Just one month after Spotify acquired podcast platform Gimlet Media for a reported $230 million, the company’s employees have announced their intention to unionize.

We’ve heard of serious problems happening after major acquisitions.  But this one is a bit strange — and happening just weeks after Spotify spent nearly a quarter billion dollars on Gimlet.

As far as we know, this is the first known case of unionization in the podcasting industry.  And a strange turn of events following Spotify’s high-priced acquisition.

Gimlet’s staff includes more than 80 people, including reporters, editors, hosts, producers and engineers.  This is the group behind popular podcasts such as ‘Reply All,’ and a majority of Gimlet’s employees have reportedly signed union cards.

They’ve also called on Spotify to recognize the Writers Guild as their collective bargaining representative.

In a statement subsequently issued, the employee group insisted that Spotify’s acquisition of Gimlet proves that the company is no longer some fledgling startup.  Instead, it’s now part of a large corporation, and because of this, they want the protections a union can offer.

Gimlet’s employees are joining the Writers Guild of America, East (WGAE), but the union will not cover certain types of employees, such as managers, salespeople and those involved with marketing.
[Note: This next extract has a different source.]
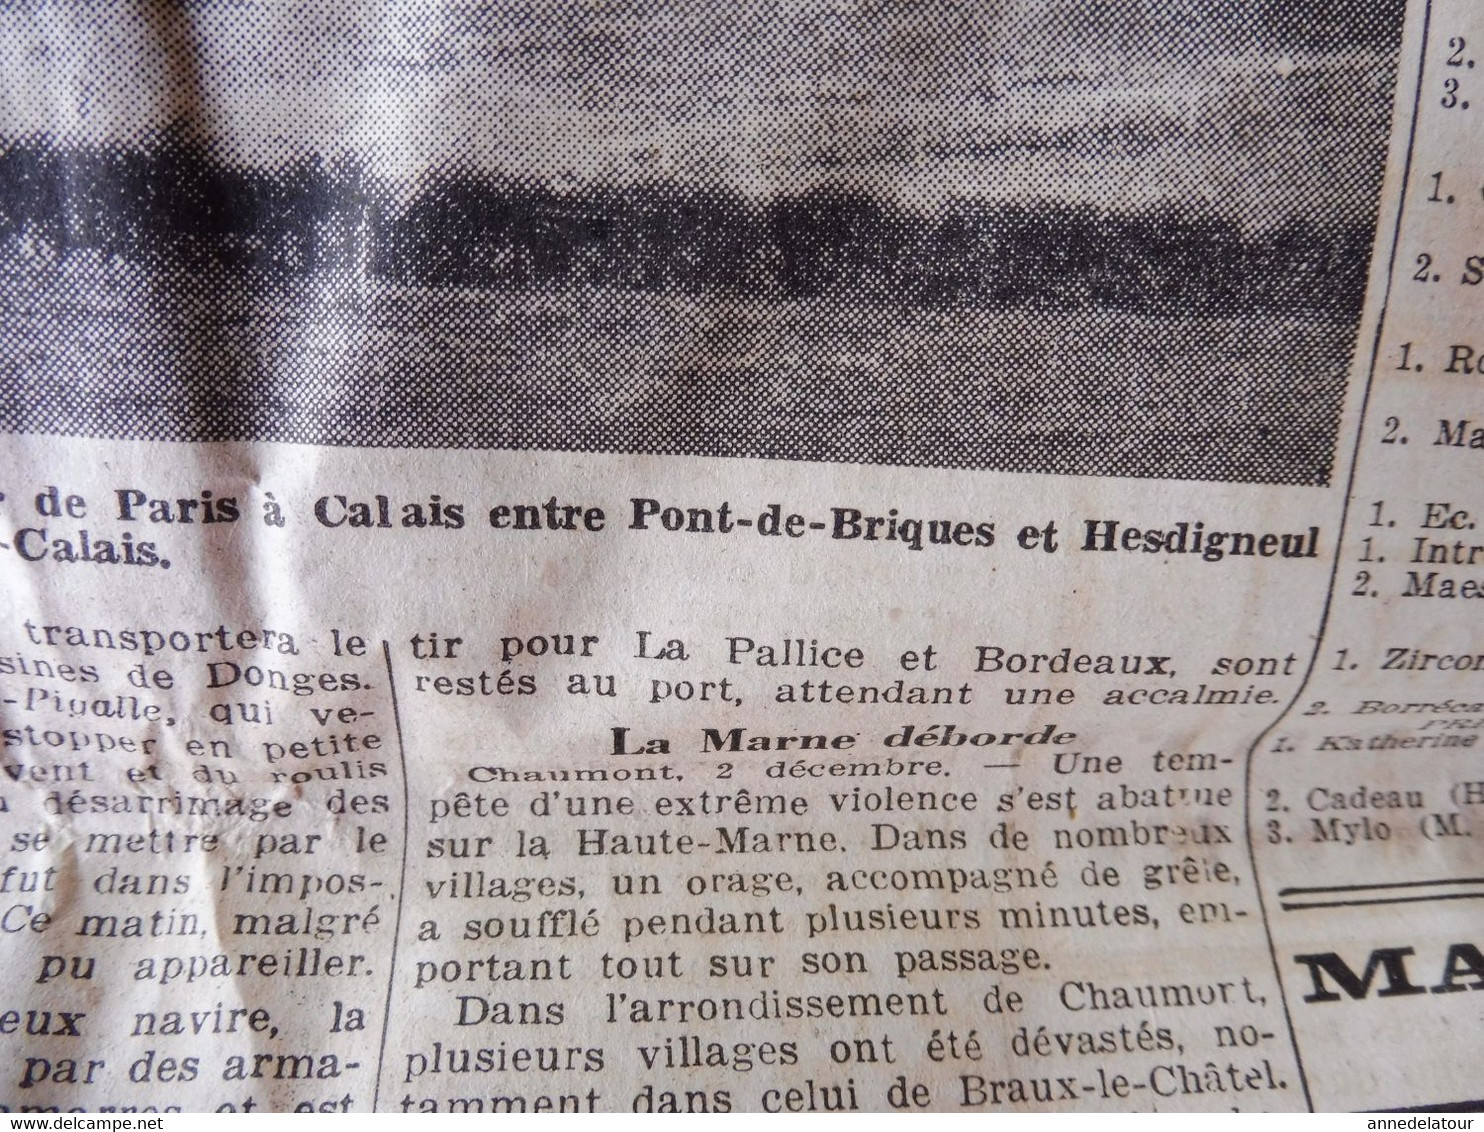 1935 L'AMI DU PEUPLE:  Masque à Gaz pour cheval et chien ; Les éclaireurs de l'armée italienne ; Front populaire ; etc

They will only cover editorial and branded employees.

But wait… isn’t Gimlet part of Spotify now?

That was the whole point of the $230 million-plus acquisition.  But after the deal was closed, Spotify indicated that Gimlet would remain an independent entity, and the company will still maintain its current offices in Brooklyn, New York.

Spotify further equated its relationship to Gimlet as being similar to the relationship Disney currently has with both Marvel Comics and Pixar. In essence, Gimlet will operate as a studio under Spotify’s parentage.

Still, the introduction of a union raises some prickly questions.  After all, if Gimlet editors are union, should Spotify playlist creators be union, as well?

As part of their official statement, Gimlet’s staff indicated that, through collective bargaining, they are seeking a contract that offers a number of conditions.  These include defined salary bands, transparent and consistent descriptions of jobs, the means to fairly protect the intellectual property rights of employees, input toward important corporate decisions as well as clear and equitable policies and procedures.

So far, Spotify has not responded to the news. Also, a spokesperson for Gimlet said only that the WGAE had sent them a formal notice, which they intend to review.